No. The right of access does not include psychotherapy notes kept separately or information prepared for legal proceedings. Records outside the designated record set (such as certain quality or business files) are also excluded. Other laws—like federal substance use disorder privacy rules and State Healthcare Laws—can add limits, reflecting Psychotherapy Notes Restrictions and other heightened protections.

Are there situations where access to records can be denied?

Yes. A provider may issue an unreviewable denial for psychotherapy notes or litigation‑prepared material.
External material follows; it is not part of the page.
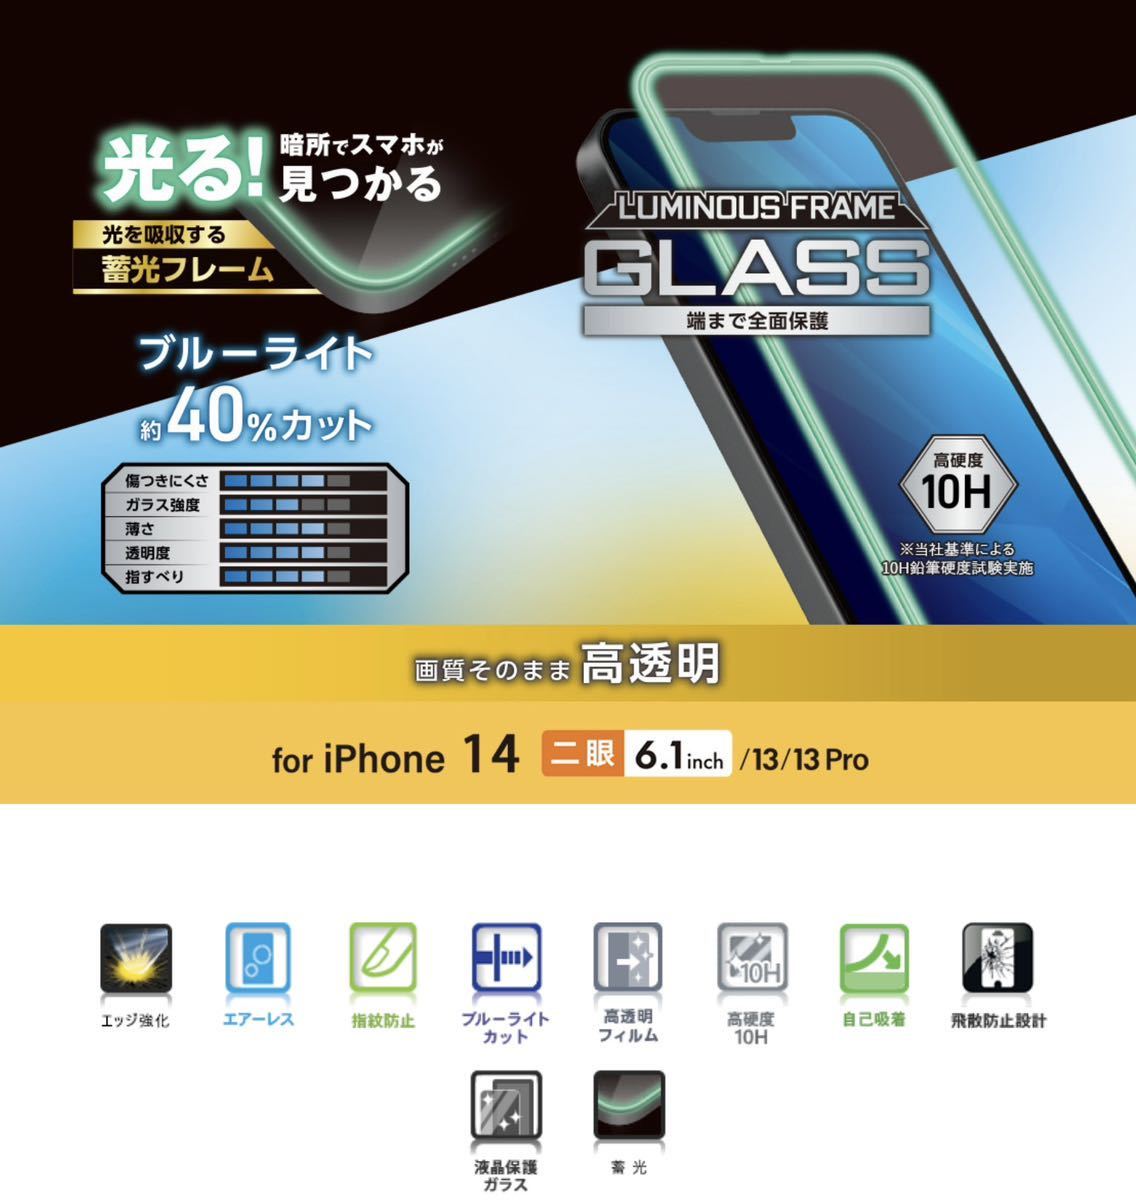 * Elecom iPhone14/13/13Pro тонировка стёкол пленкой 3D. свет рама есть голубой свет cut 019 ELECOM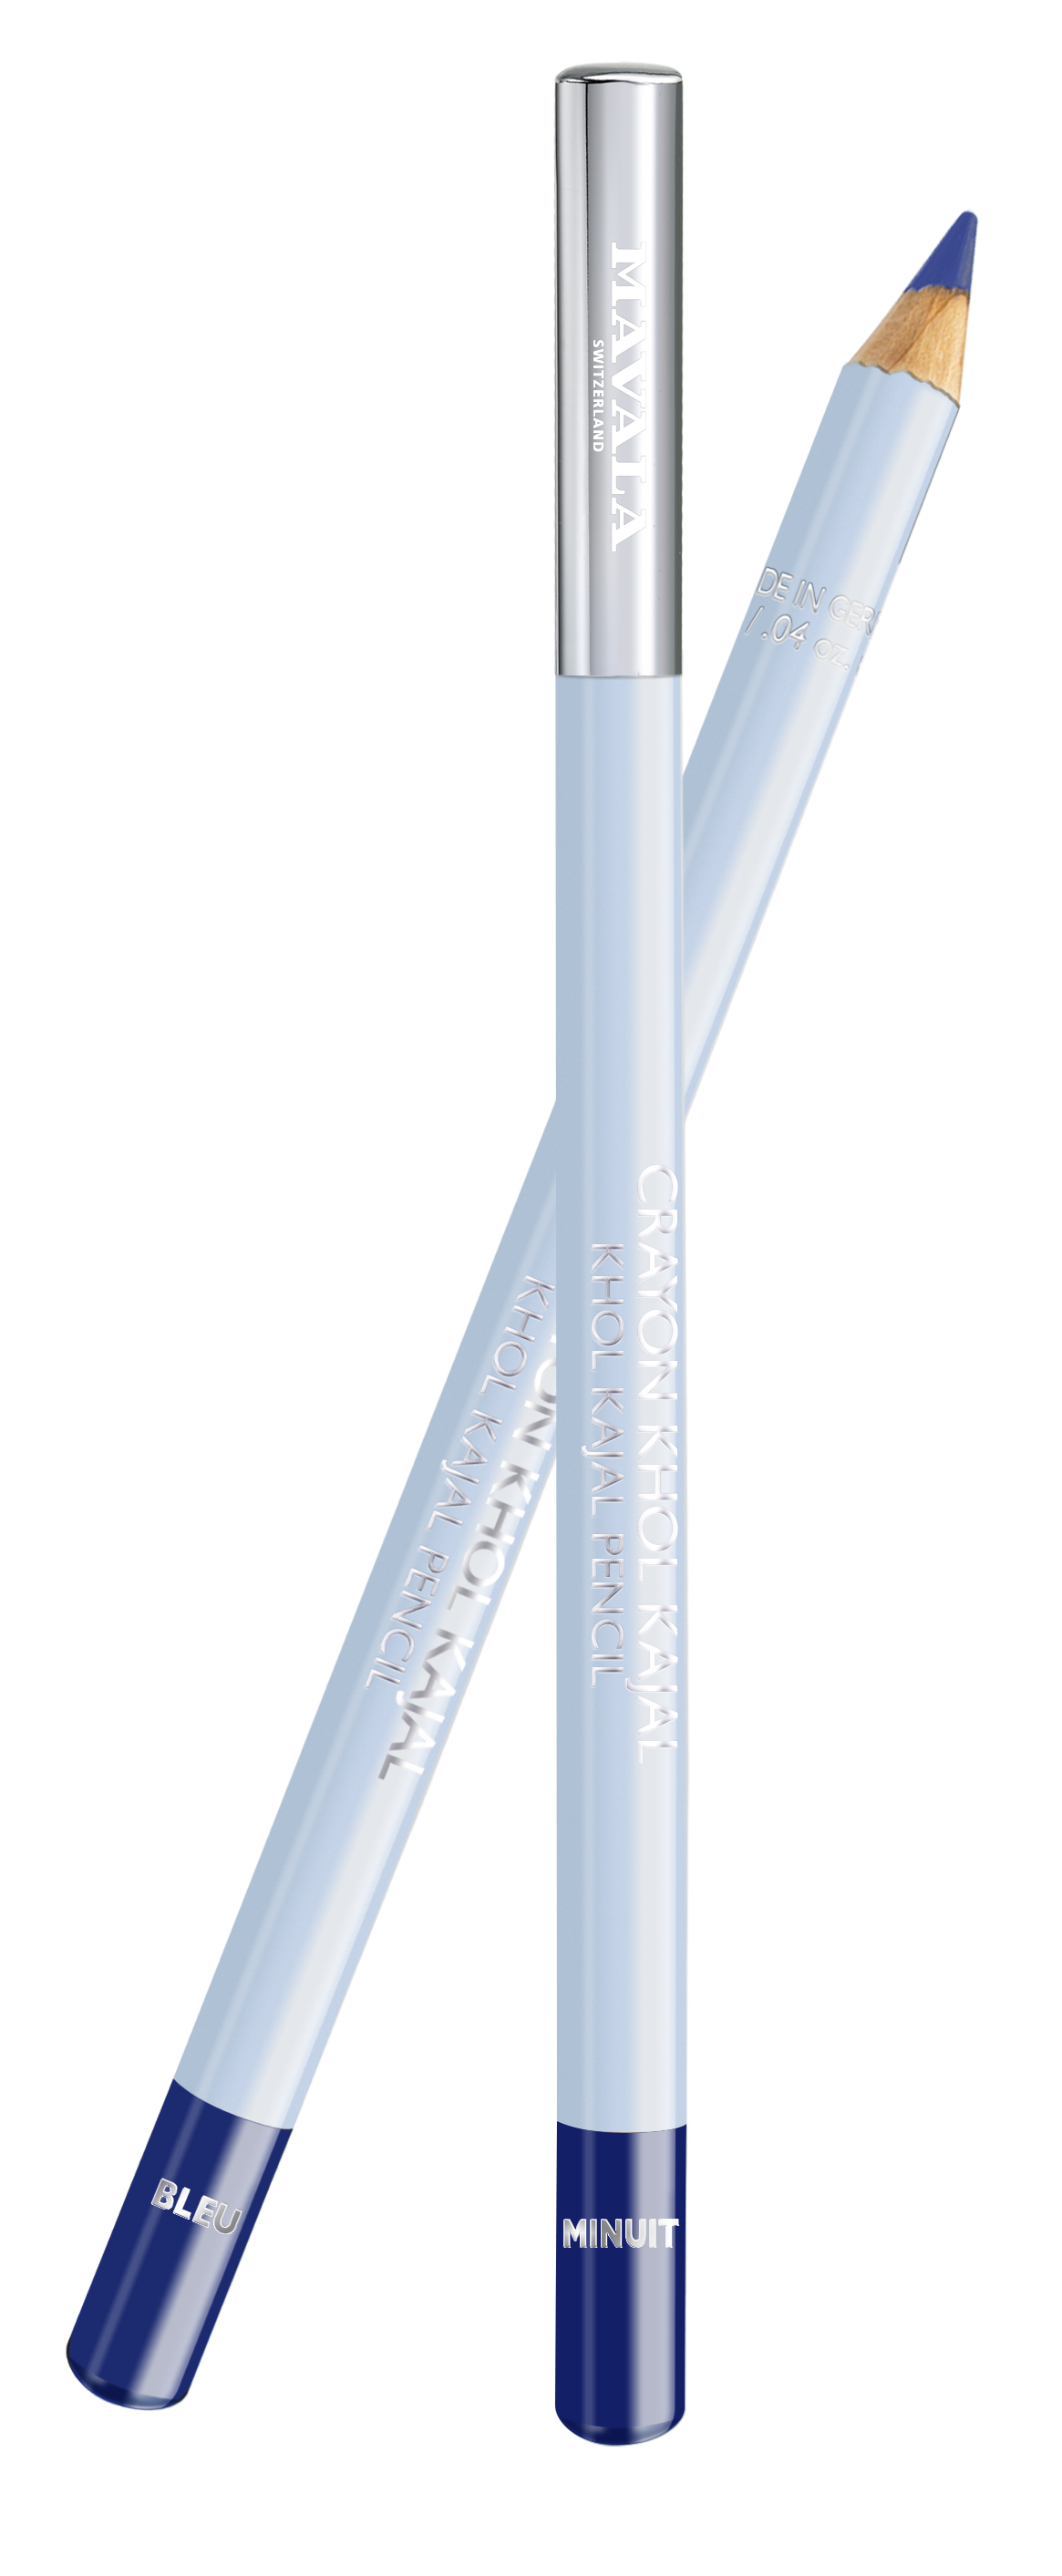 935.03 KHÔL KAJAL - Stift - Bleu Minuit (marine) - Augenkontur-Stift für einen strahlend schönen Blick - Vegan

A licensed professional may also deny access, subject to review, if disclosure is reasonably likely to endanger life or physical safety, cause substantial harm to someone referenced in the record, or cause substantial harm when the request comes from a personal representative. Additionally, Abuse and Neglect Exceptions allow providers to withhold recognition of a representative when disclosure could facilitate harm.

How does state law affect access to medical records under a POA?

State Healthcare Laws determine when an HPOA becomes effective, what formalities make it valid, and any special confidentiality rules for categories like mental health, HIV, genetic, or reproductive health information. Those laws can expand or narrow Healthcare Agent Authority and may require specific language or consents before a provider releases certain records under HIPAA.